Hint: Use np.random.randint and np.random.normal

**2) Add a new column `mood` to the dataframe having random uniform floats from 0 to 1.**

Hint: Use np.random.rand

**3) It turns out having data points everyday is really noisy. Resample the data to monthly estimates. Use method of mean to resample**

You can also create dataframes using a dictionary of objects for each column. Again, the index need not be string types

# Subsetting  Dataframes

Subsetting dataframes works similarly to numpy, but with some additional functionality

In [None]:
df_idx = pd.date_range('2015-01-01','2015-01-05',freq='d')
df_col = ['sun','mon','tues','wed','thurs']
df = pd.DataFrame(np.random.random((5,5)),index=df_idx, columns=df_col)
df

In [None]:
df[ df['sun'] > .5 ] #Subset certain rows, where the 'sun' column for that row is greater than .5

In [None]:
df[ (df['sun'] > .5) & (df['mon'] < .5) ] #multiple conditions, use tuples for each condition

#### Indexing functions summary

Pandas Dataframes support various methods for indexing:

- .iloc <- Index by integer/positional
- .loc  <- Index by labels [can be integer labels!]

- .ix   <- Supports both label and integer/positional indexing. Tries to go by label first, and then positional indexing

In [None]:
# .iloc grabs by Positional indexing
df.iloc[0] #Grab the 0th index row

In [None]:
df.iloc[0:3] #Grab the 0 to 3th index row (NON INCLUSIVE END)

In [None]:
# .iloc can grab subsets of the dataframe through slicing
df.iloc[0:3, 1:3]

In [None]:
# .loc grabs by label
df.loc['2015-01-01']

In [None]:
# .loc can also grab slices (INCLUSIVE END)
df.loc['2015-01-01':'2015-01-03']

In [None]:
# .loc can grab subsets of the dataframe through slicing
df.loc['2015-01-01':'2015-01-03',['mon','tues']]

In [None]:
# .ix allows for both label and positional indexing
df.ix['2015-01-01']
df.ix[0]

In [None]:
# .ix can also mix label and positional indexing
df.ix[1:3,['sun','mon','thurs']]

What about adding rows into the dataframe using `iloc`, `loc`, and `ix`?

In [None]:
#Iloc does not work.
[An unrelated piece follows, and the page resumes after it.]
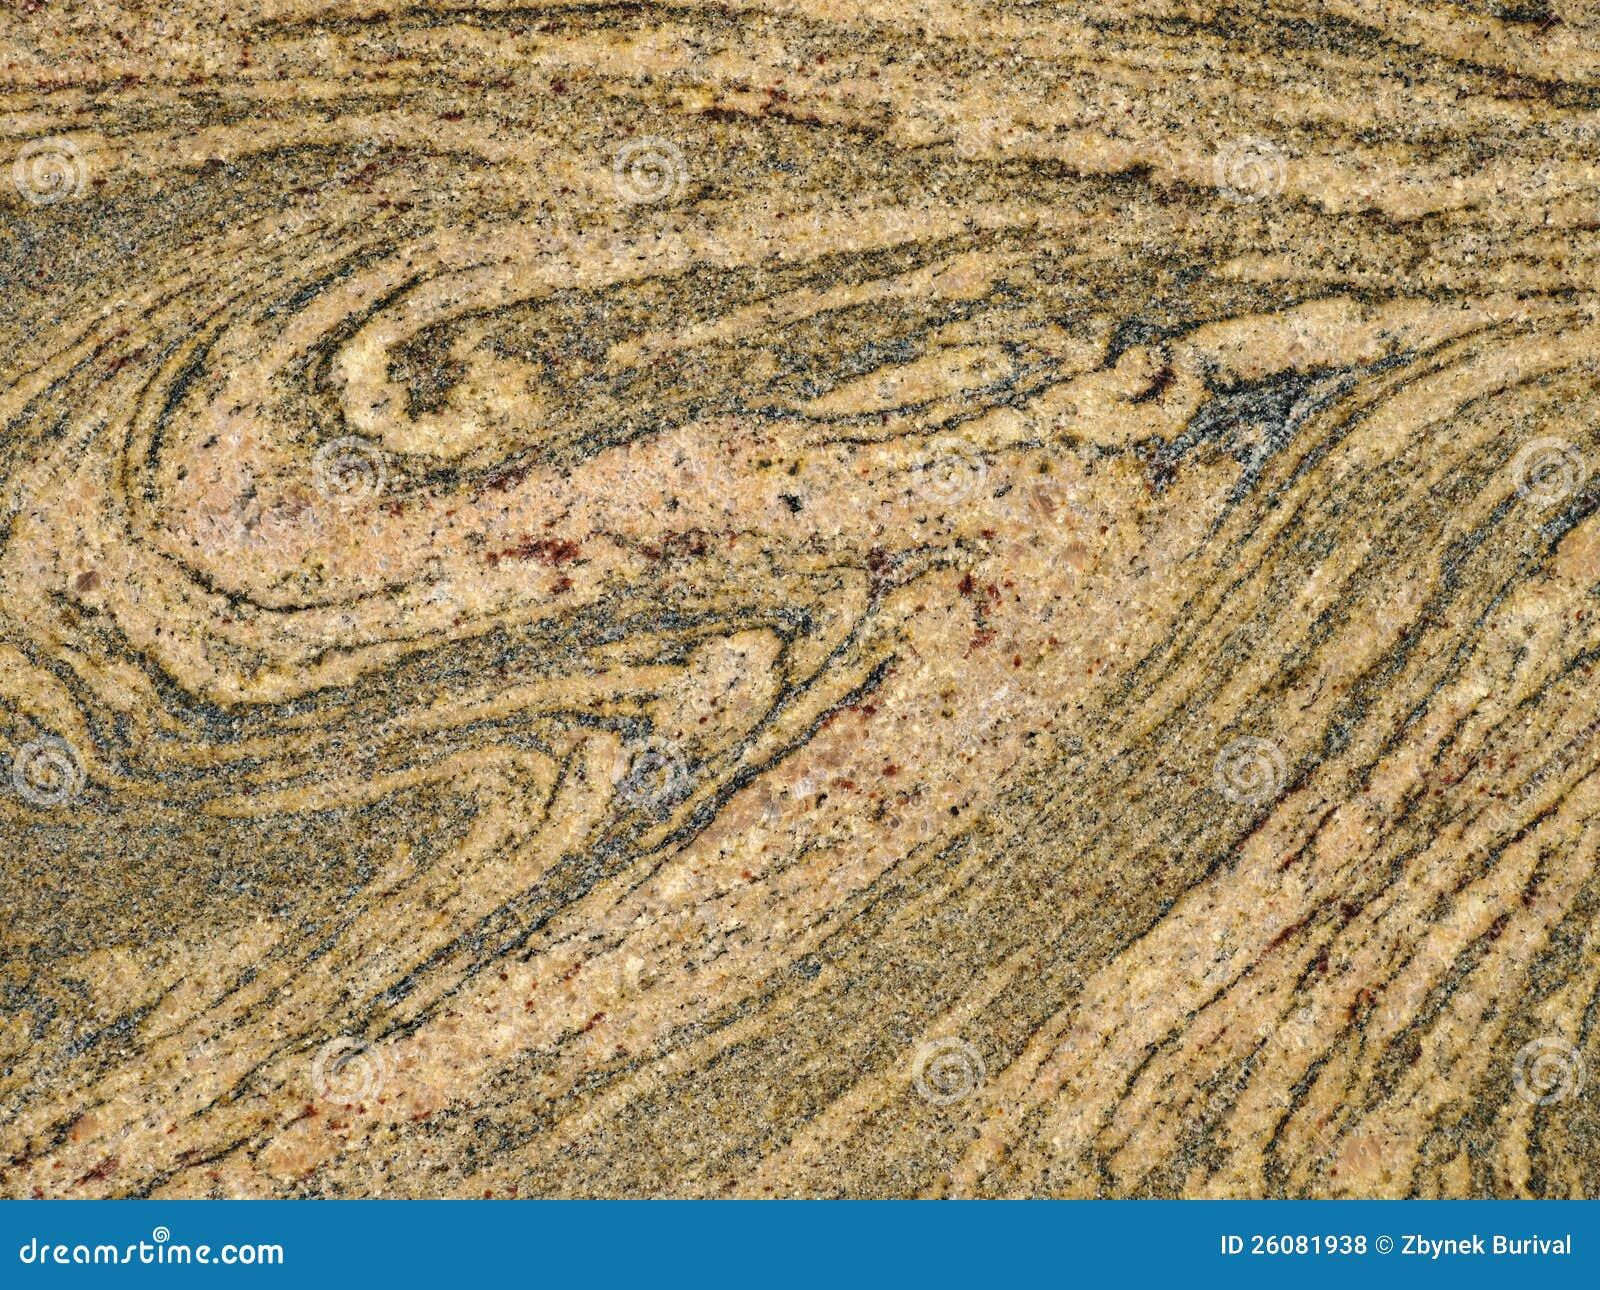 Rough Migmatite Rock Texture Royalty Free Stock Photos ...

What would the index label have been for this anyway?
df.iloc[5] = pd.Series(np.random.rand(5),index=df.columns)

In [None]:
#Loc works as of Pandas .13
df.loc[pd.Timestamp('2015-01-06')] = pd.Series(np.random.rand(5),index=df.columns)

In [None]:
#ix also works when using label.
df.ix[pd.Timestamp('2015-01-07')] = pd.Series(np.random.rand(5),index=df.columns)

In [None]:
# Again, even if using ix, if we pass in a positional label, wont work
df.ix[7] = pd.Series(np.random.rand(5),index=df.columns)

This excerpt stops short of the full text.